A Bonhoeffer Moment?

Last night, the Wednesday Study and Spirit class shared a powerful and provocative discussion about Dietrich Bonhoeffer, and how his world of 1930s Germany seems eerily similar to the United States some ninety years later. Then this morning, while still mulling the conversations of last night over breakfast coffee, I read an unfamiliar phrase in an article by the Rev. Cameron Trimble. The phrase was “Totalizing Fantasy.” I quickly went to Google to look it up.

Most of the Google hits for the term were in dense scholastic journals, but despite that, I think I gleaned the gist of it: a “totalizing fantasy” refers to a belief or idea that seeks to encompass or explain everything, often in a way that is overly simplistic or dogmatic. It can be seen as a grand narrative or worldview that claims to have all the answers and leaves no room for nuance or alternative perspectives.
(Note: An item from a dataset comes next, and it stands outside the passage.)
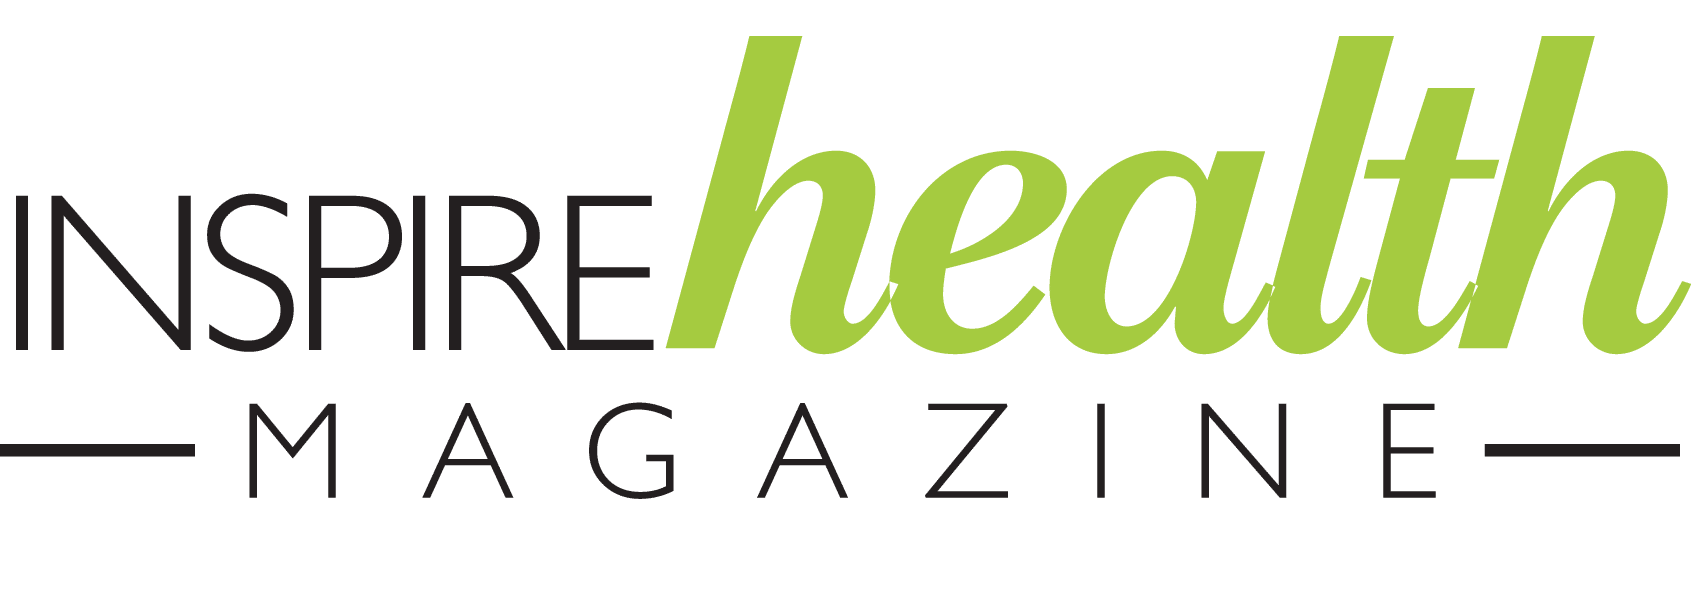 Inspire Health Magazine Logo _ Ready to publish pre-designed magazine templates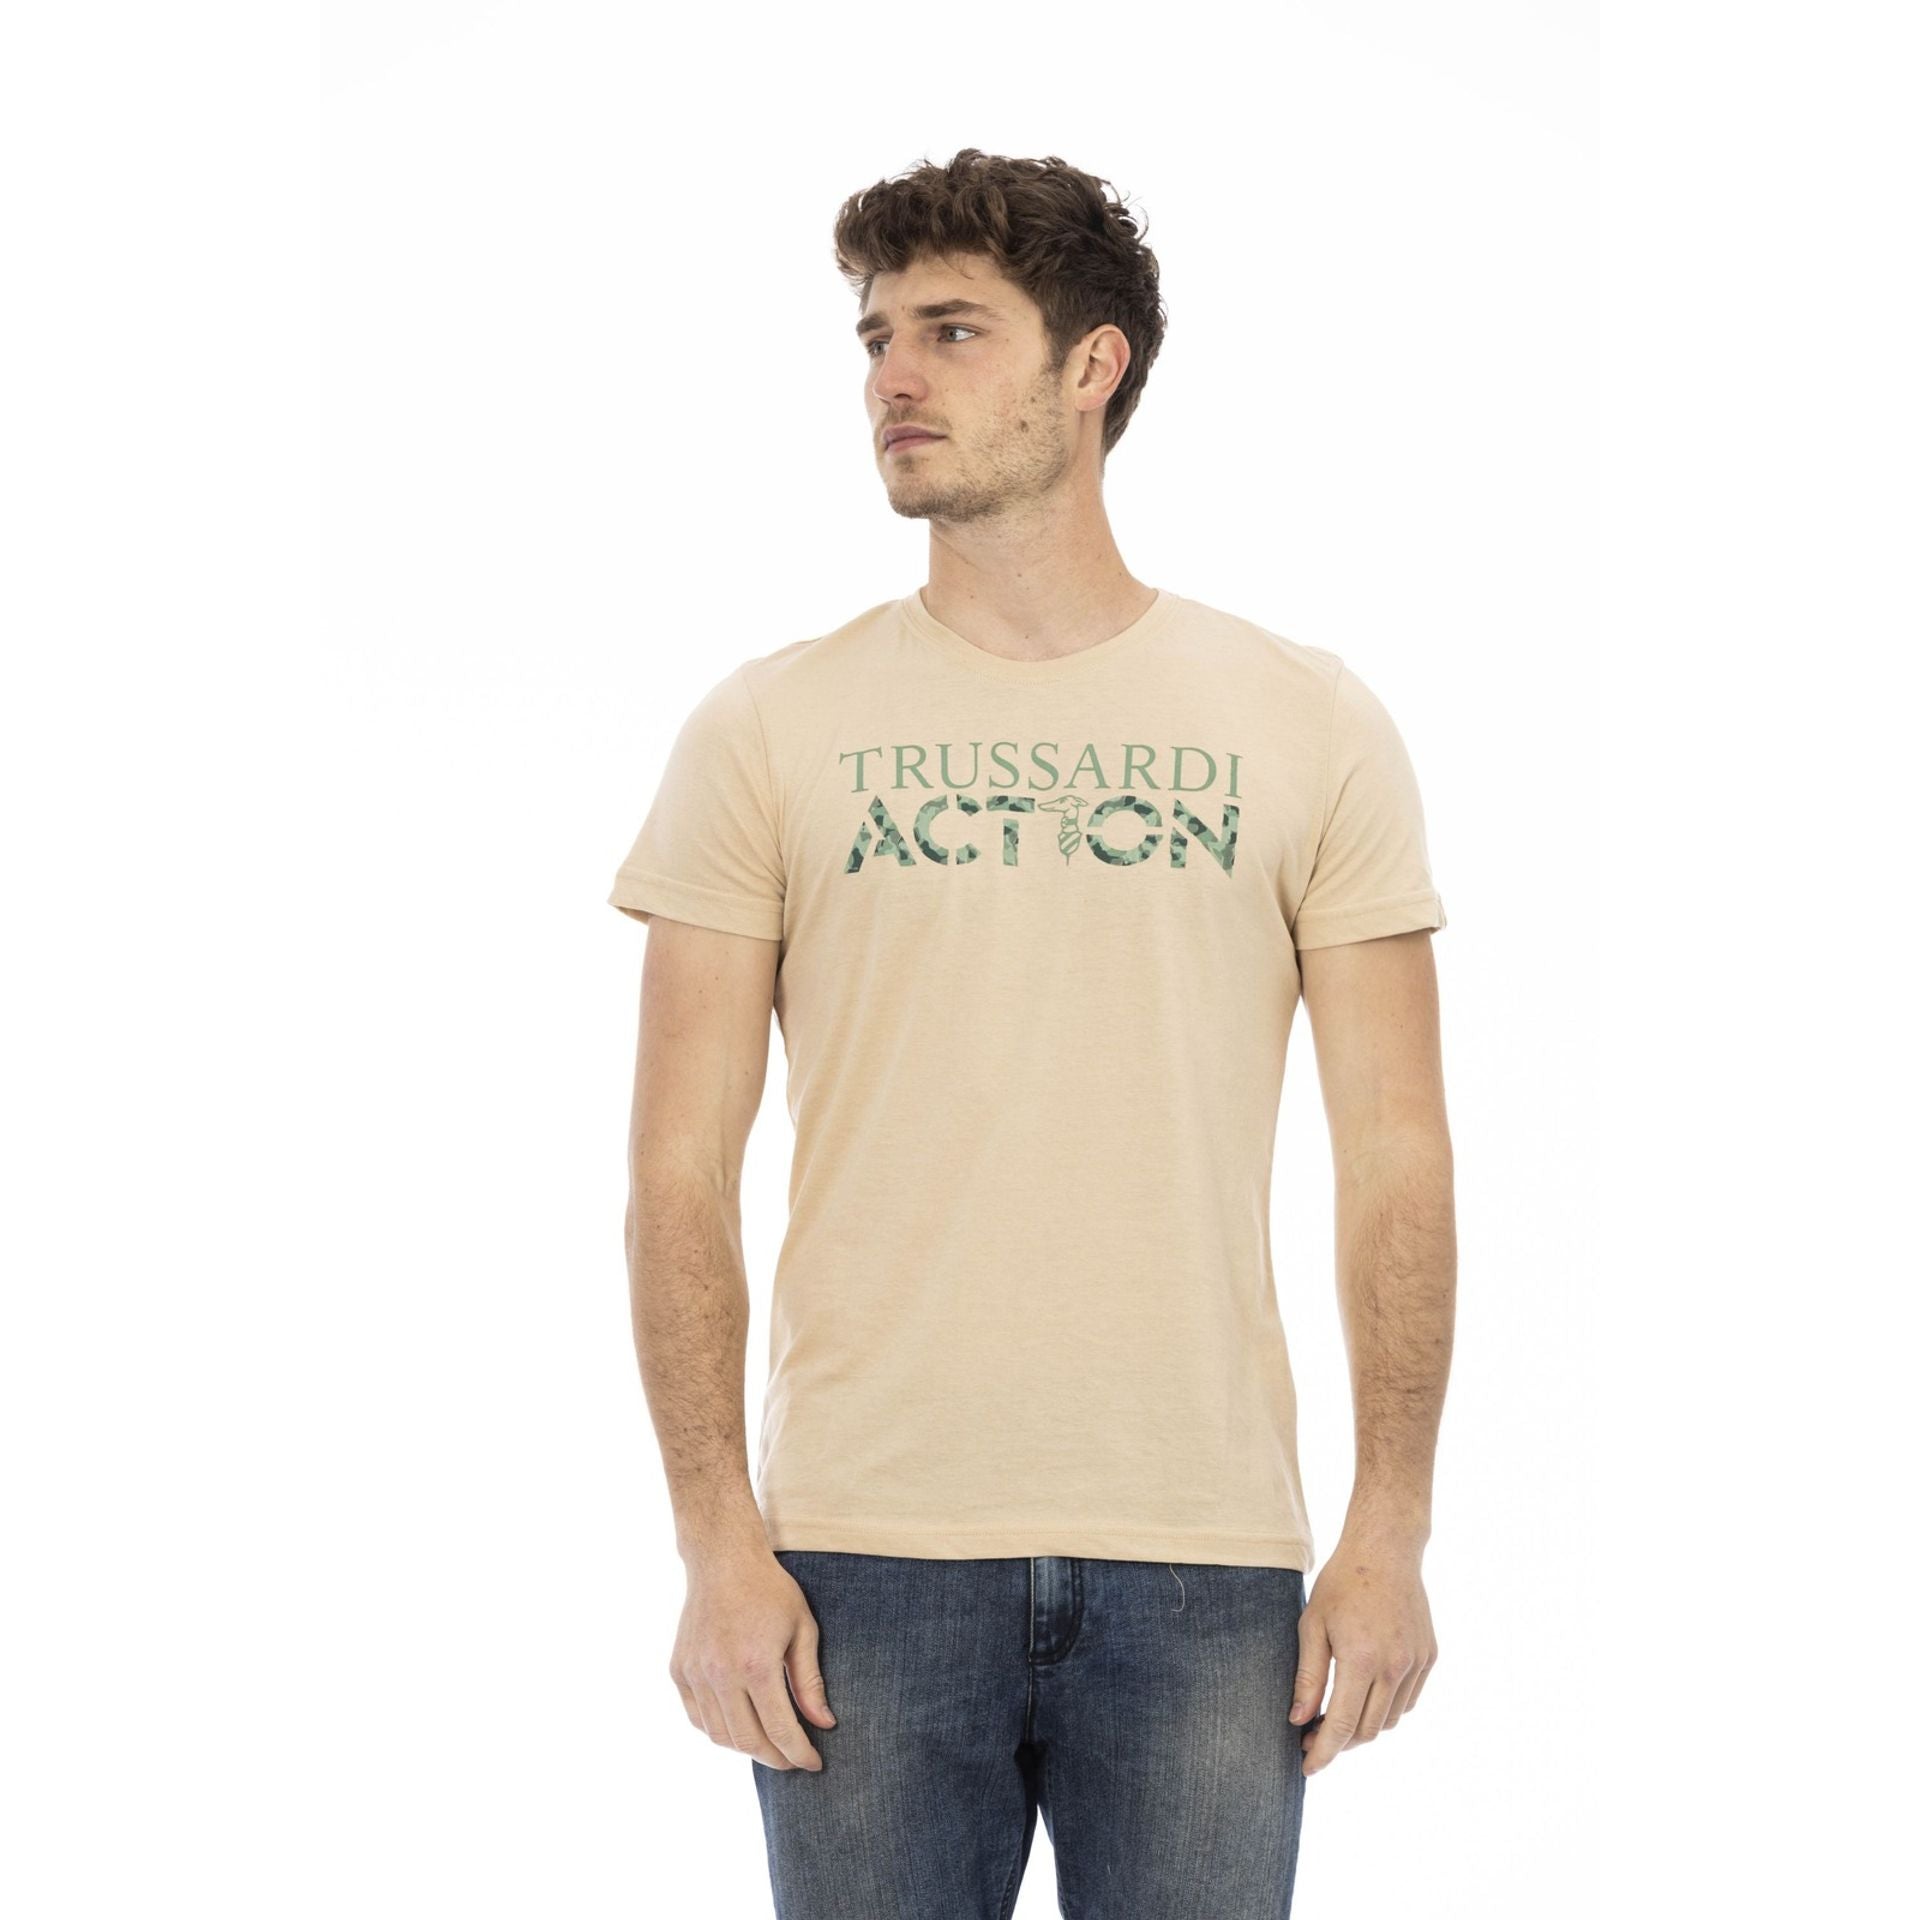 Trussardi Action T-shirts

Still steeped in the Bonhoeffer discussion, I immediately realized that Nazism was a totalizing fantasy for its time and place: It offered an easy scapegoat to blame for complex problems, a comforting narrative of history divorced from reality, and promised harsh punishments for anyone who challenged the approved narrative. The vast majority of Catholics and Protestants in Germany supported the totalizing fantasy, twisting and shrinking the Gospel to make room for a nationalistic, antisemitic, violence-glorifying Christianity that must be purified from all that would contaminate it. As Pastor Martin Niemöller reflected, “First they came for the Communists . . .”

Bonhoeffer is an important figure because he not only challenged this totalizing fantasy intellectually, but he also acted to jam the political mechanisms the enabled the fantasy. Perhaps most importantly, Bonhoeffer created an alternative faith community (The Confessing Church) to challenge the totalizing fantasy. The Confessing Church had a different vision of Jesus, one that saw Christ embodied among the poor, marginalized, and oppressed. And it had a radically different idea about what it was to follow Christ: a “costly discipleship” that called believers toward the transforming, suffering, serving, dangerous path of Jesus to the cross, rather than the cheap discipleship of the nationalist Church that promised only victory and glory.

Cameron Trimble’s use of the term totalizing fantasy applied to a more modern twisting of history and theology: MAGA (Make America Great Again) which is desperately trying resurrect a fictionalized American past by creating a dystopian present where women, black and brown folk, immigrants, and LGBTQIA+ people are blamed for all problems and silenced or disappeared to fix the nation. White Nationalist Christianity has twisted and shrunk the Gospel in order to accommodate MAGA, creating a church that is more than ready to applaud voting rights being threatened, human right being curtailed, and Fulbright scholars being kidnapped in broad daylight by masked ICE agents.

After our Bonhoeffer discussion last night, I have to wonder: What does a “Confessing Church” look like in 2025? How does it challenge the Totalizing Fantasy that is dominant in large swaths of our nation? And will the faithful disciples of Harvard-Epworth UMC help to create a Confessing Church for Costly Discipleship in this new moment?